* **Task to complete**: Write the data out again exactly, with every picture removed.

Segment Start: Recorded data

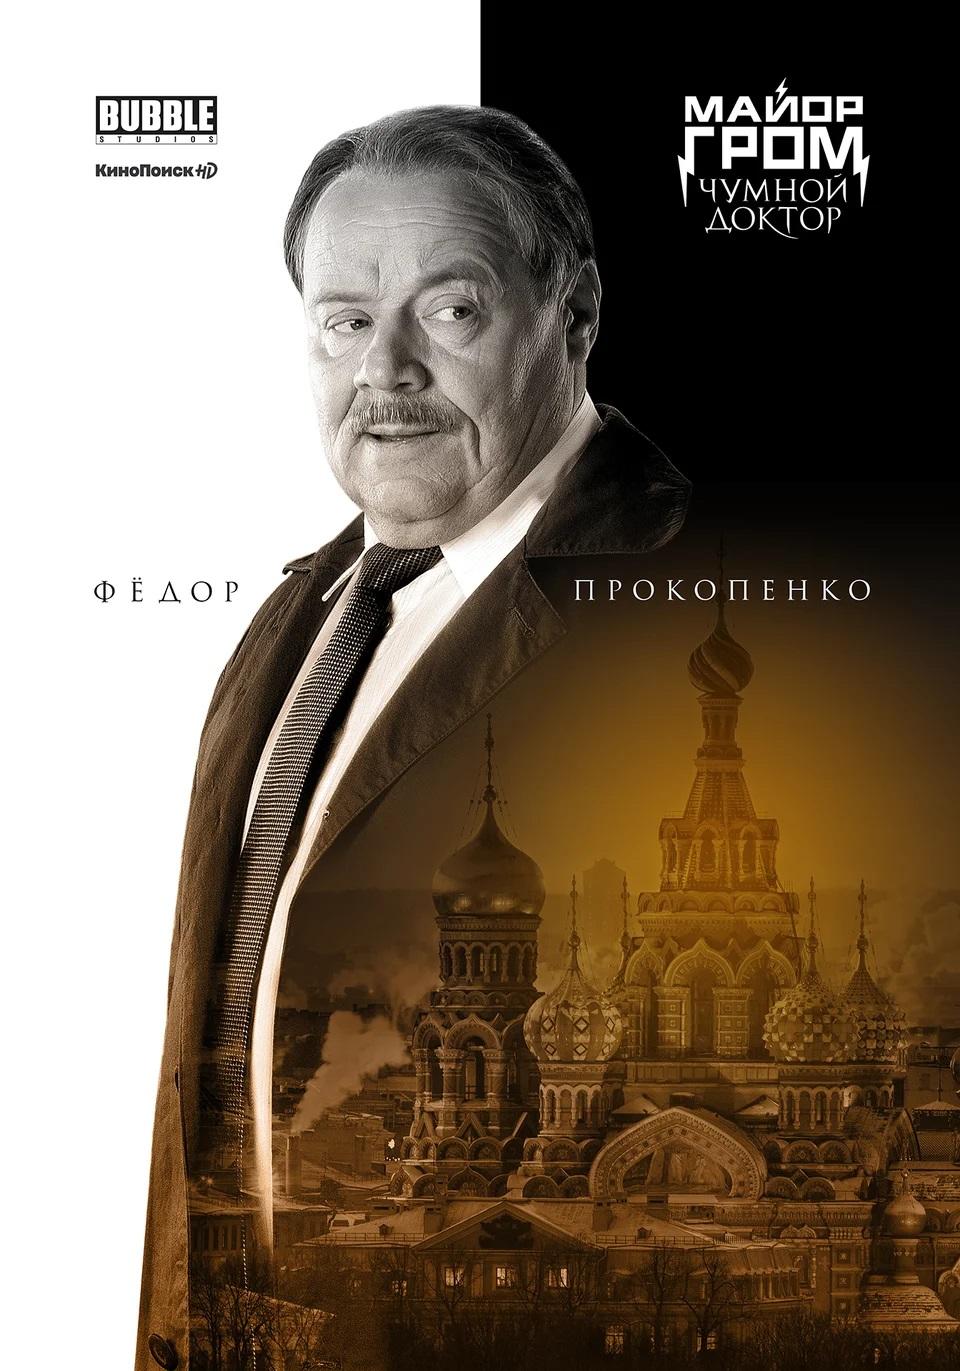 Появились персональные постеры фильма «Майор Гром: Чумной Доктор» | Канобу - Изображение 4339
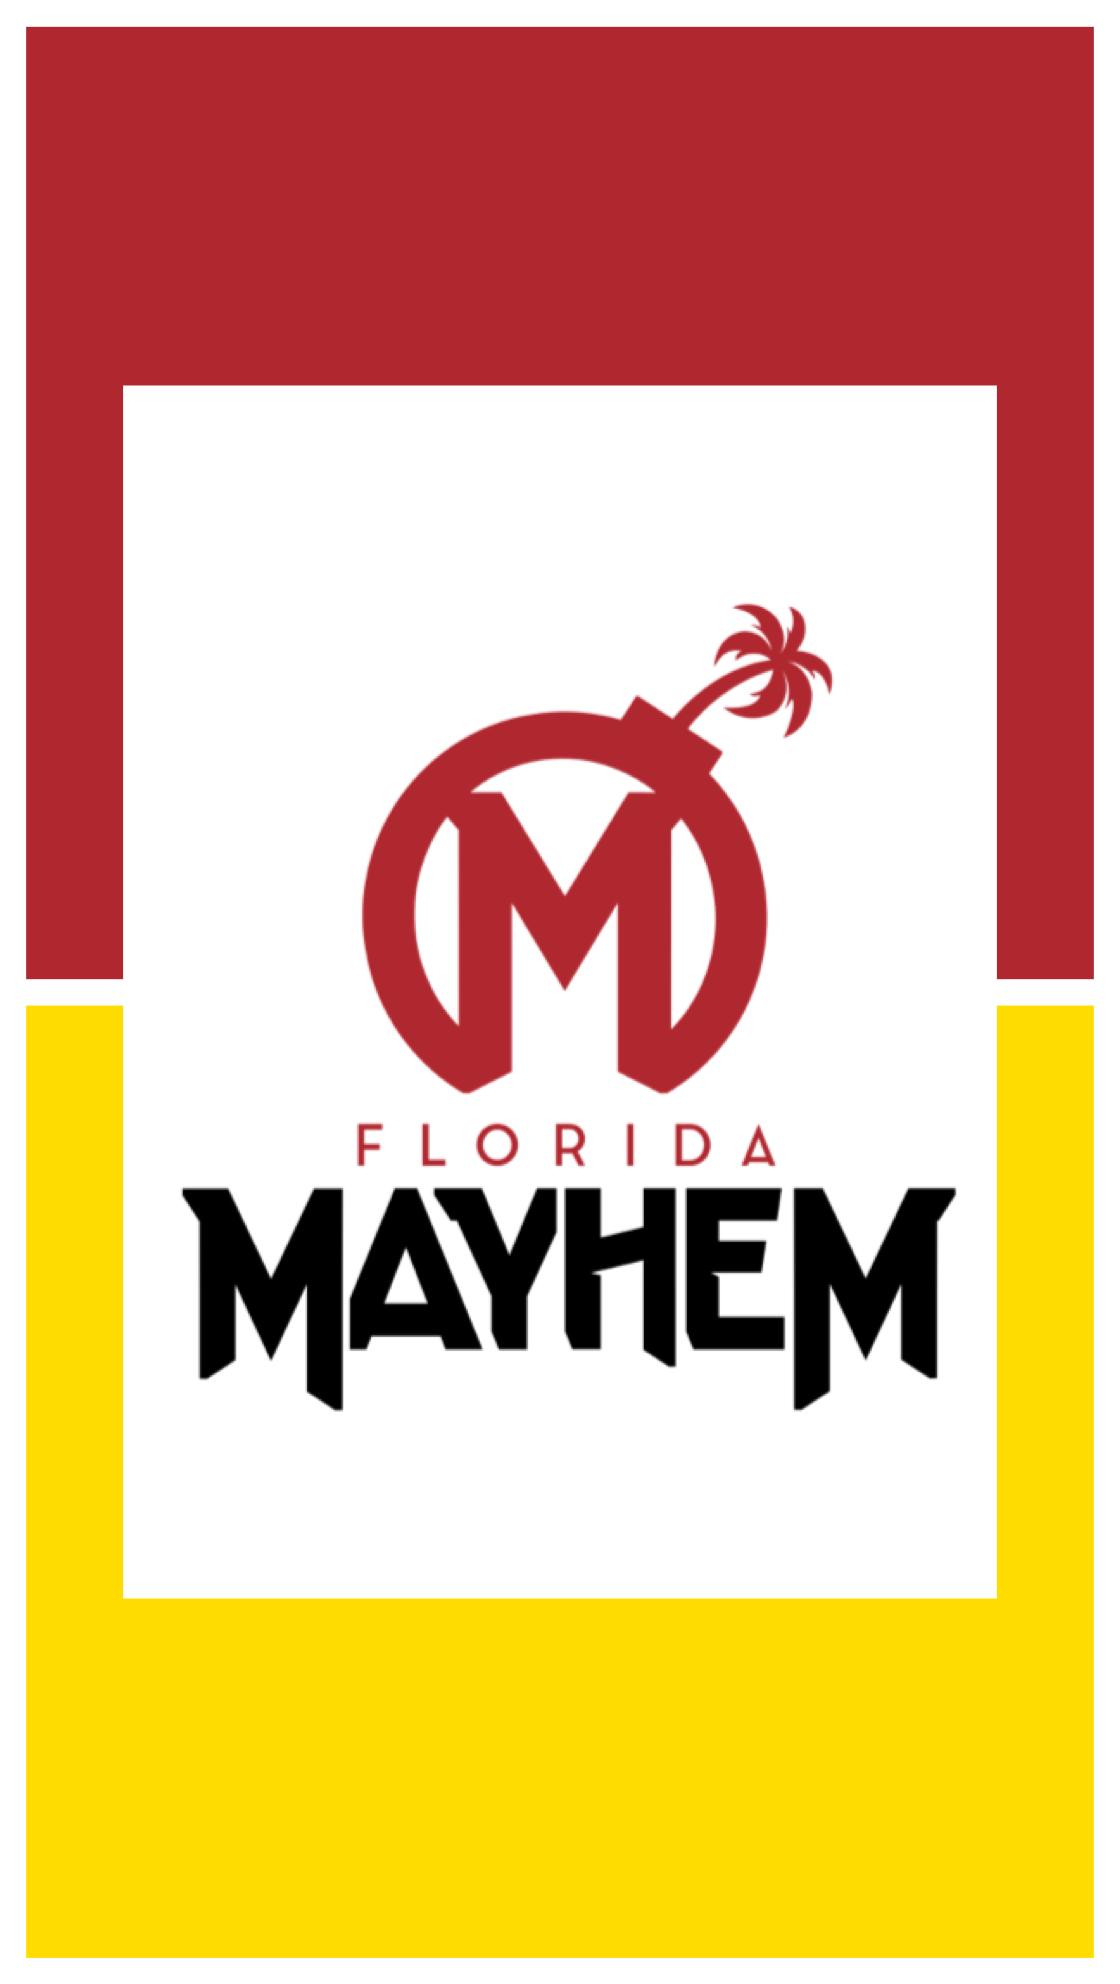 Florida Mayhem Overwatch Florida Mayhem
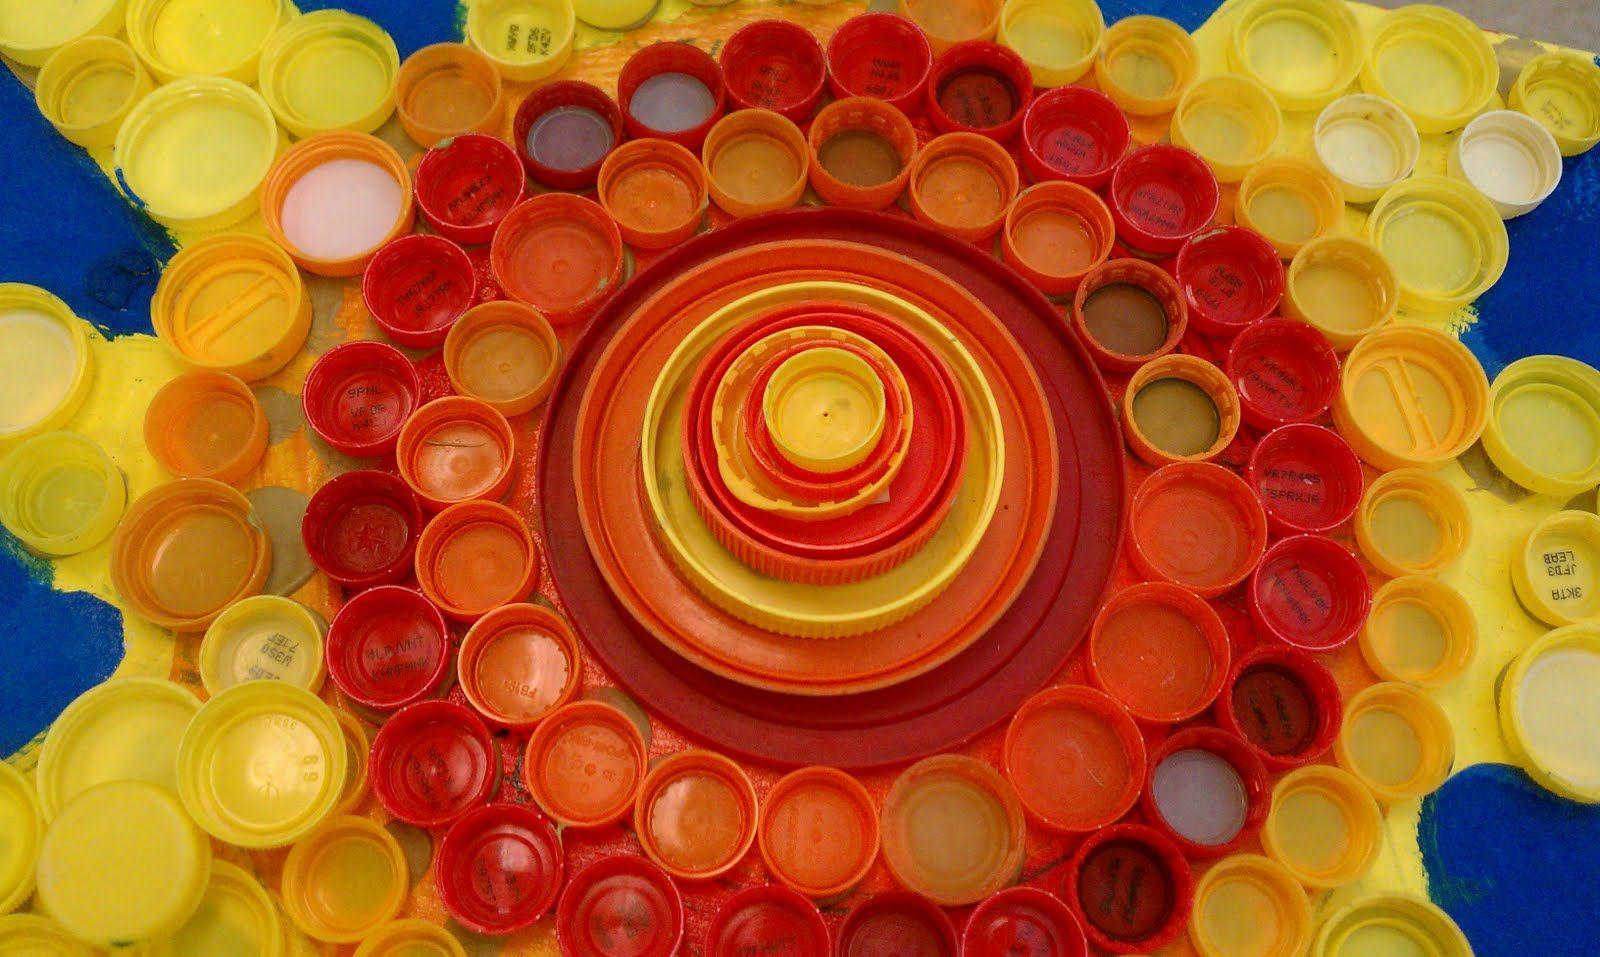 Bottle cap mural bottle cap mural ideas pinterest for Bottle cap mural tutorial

Segment End: Recorded data

* **Written response**:
 Появились персональные постеры фильма «Майор Гром: Чумной Доктор» | Канобу - Изображение 4339
 Florida Mayhem Overwatch Florida Mayhem
 Bottle cap mural bottle cap mural ideas pinterest for Bottle cap mural tutorial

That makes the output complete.